In the West, the slackers wandered off the career path with a shrug – their anti-aspiration the mirror image of all those refuseniks in the East now discovering the joys of consumer society – while Adbusters’ subversive ‘truth in advertising’ defacement campaigns echoed the theatrical marginalia of the Berlin Wall’s Eastside Gallery. Self-empowerment was in, and suddenly no soap opera, cabinet meeting, movie, international summit or AGM was complete without a grandstanding declaration of independence.

 

Climactic, public resignations became a powerful international currency, everywhere from Wall Street to Hollywood. The era’s defining movies – Slacker (1991), The Firm (1991), Glengarry Glen Ross (1992), A Few Good Men (1992), Groundhog Day (1993), Clerks (1994), even Jurassic Park (1993), all feature stars plotting and rehearsing their eventual break from the hypocrisy, villainy or empty repetition of their professional roles.

 

(Surely a candidate for least likely resignation speech in history is the Tyrannosaurus Rex in Jurassic Park: Richard Attenborough’s park boss, micro-managing every aspect of the lives of the revenue-generating animals inside his hermetically sealed biodome, is as clear an early-1990s everyboss or Iron Curtain dictator as ever lived, with his insistence that everyone could be bought, and his creation of minutely surveilled spaces for workers, human and reptile alike.

 

It’s great fun to watch it now as Berlin Wall or corporate allegory: the literal iron curtain keeping humans and dinos apart! Jeff Goldblum’s ominous soliloquy on chaos! The heroes’ suspicion of being co-opted into branded ideology!
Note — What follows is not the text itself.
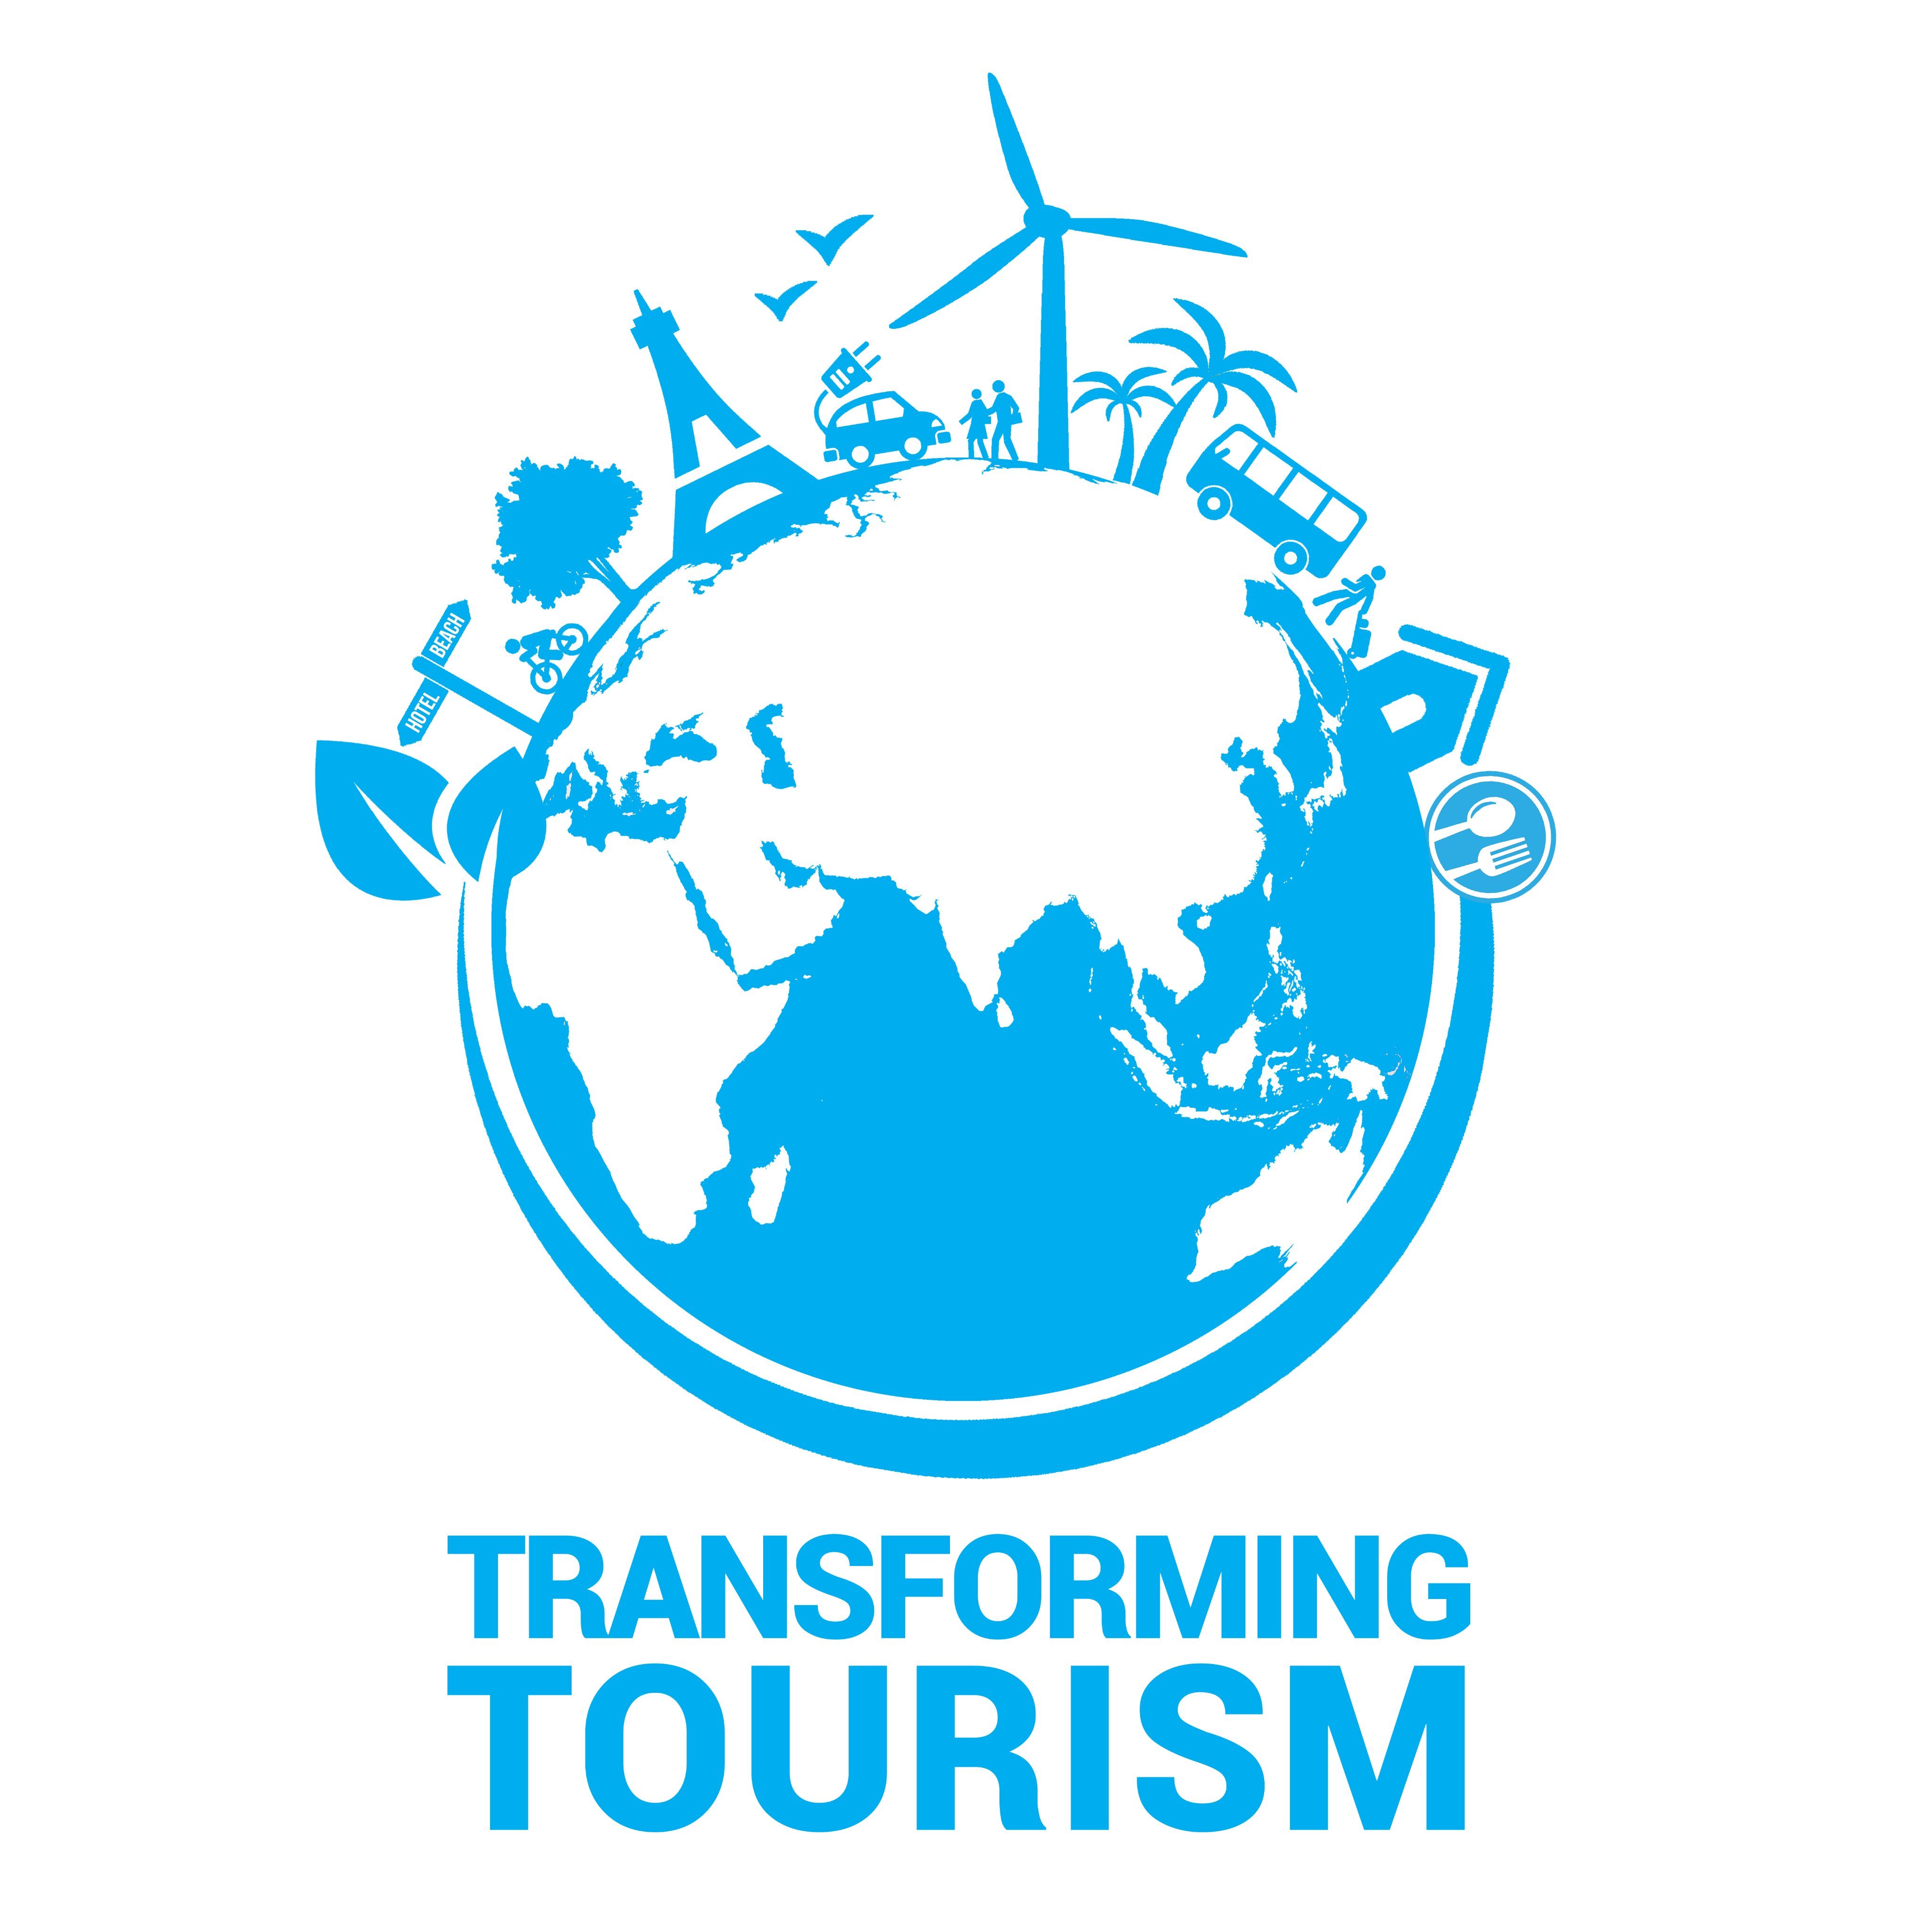 Transforming Tourism Value Chains in developing countries and small island developing states to accelerate more resource efficient, low carbon development.
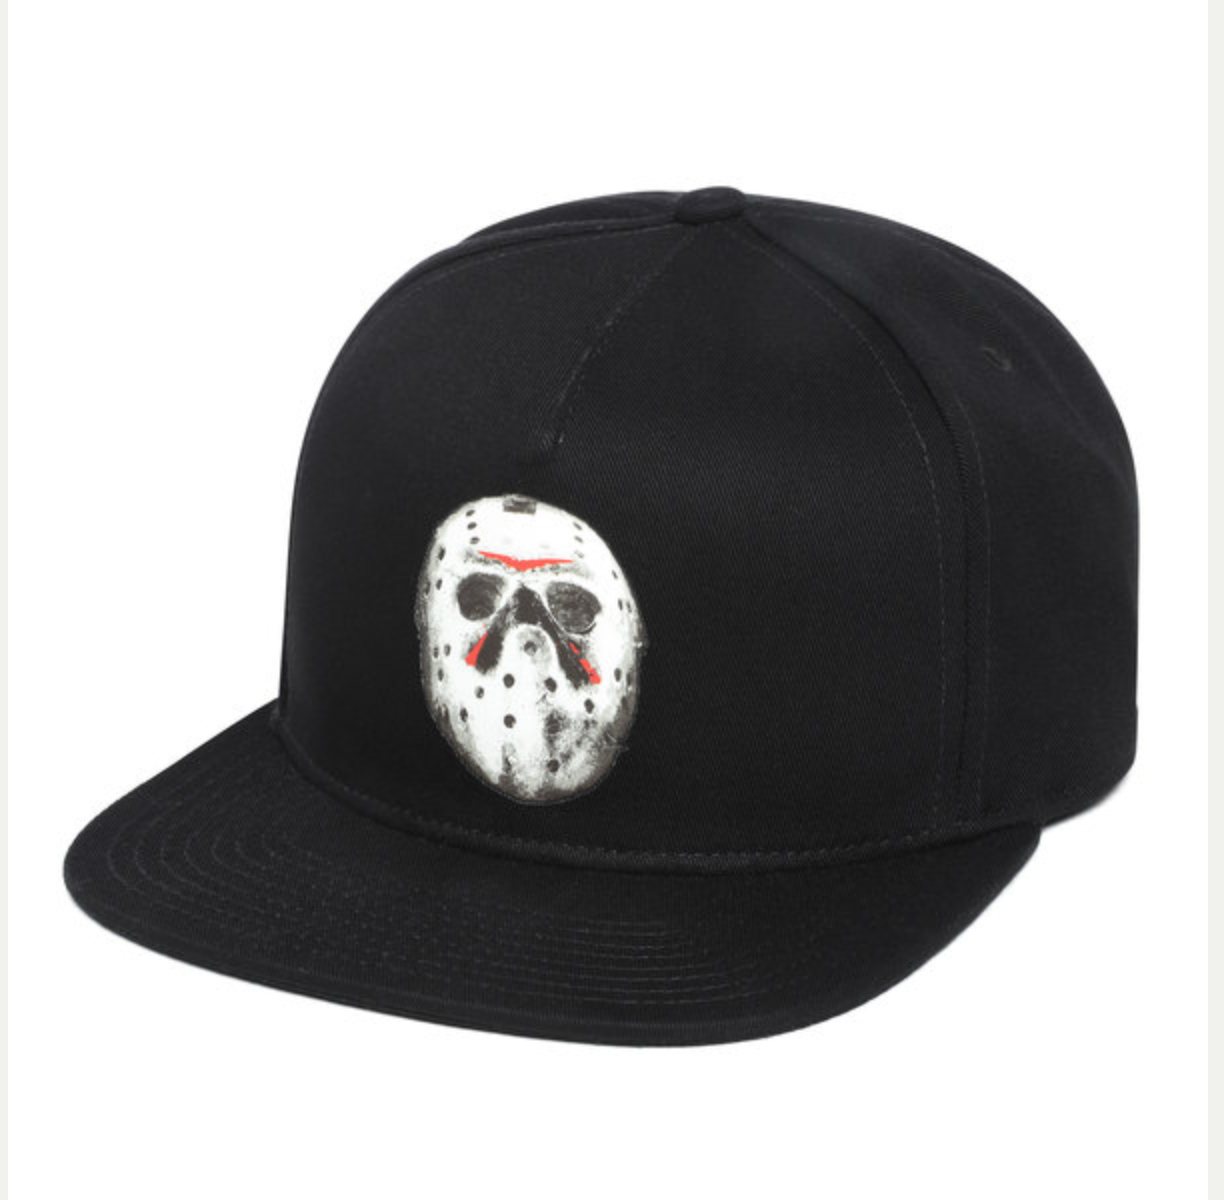 Vans X Friday The 13th Hat

It’s no coincidence that when they rebel, the animals not only wreck the commercial plan, but vandalise his company’s iconic logo. As T. Rex tears apart the logos on the branded Jurassic Park hoardings in the final scene, he becomes the movie’s anti-corporate hero; its Adbuster; he gives his notice with a roar of independence that brings the whole venture crumbling down. The inhabitants have wrestled their own land back.)

 

By 1993, ‘getting on’ in your job had come to look, at least in pop-cultural terms, very much like being suckered. Irvine Welsh’s sarcastic jab at aspirational eighties consumerism in his bestseller of that year, Trainspotting – lifting the slogan of the iconic Katherine Hamnett/Wham T-shirt that symbolised the decade’s worst go-for-it platitudes – lifting the slogan of the iconic Katherine Hamnett/Wham! T-shirt that symbolised the decade’s worst go-for-it platitudes – became a pop-culture mantra, appearing on albums, club singles, and finally on T-shirts of its own: ‘Choose life. Choose a job . . . Choose rotting away at the end of it all, pishing your last in a miserable home, nothing more than an embarrassment to the selfish, fucked up brats you spawned to replace yourself. Choose your future.’

 

Pop culture’s superstars were Homer Simpson and Kurt Cobain, its key image the swimming baby chasing a dollar. Beck defined the mood with ‘Loser’ (1994), and vowed he wasn’t ‘going to work for no soul-sucking jerk’ on an album that seemed to dramatise quitting jobs (blowing leaves/washing dishes/putting chicken in a bucket with a soda/whatever) over and over again, while Rage Against The Machine created the ultimate ’90s chorus with ‘Killing In The Name’’s “Fuck you, I won’t do what you tell me.” (1992).

 

Berlin Wall Nirvana: The grunge take on 1990s history

 

The 1990s revolution was not about the fall of communism: it was about the realization by people all over the world that being a committed swallower of the post-war company line didn’t deliver what it promised. The ’80s contract, here as in the stagnating East, was a dud. The hour of the workplace dissident, the self-immolating truth-bomber, had come at last.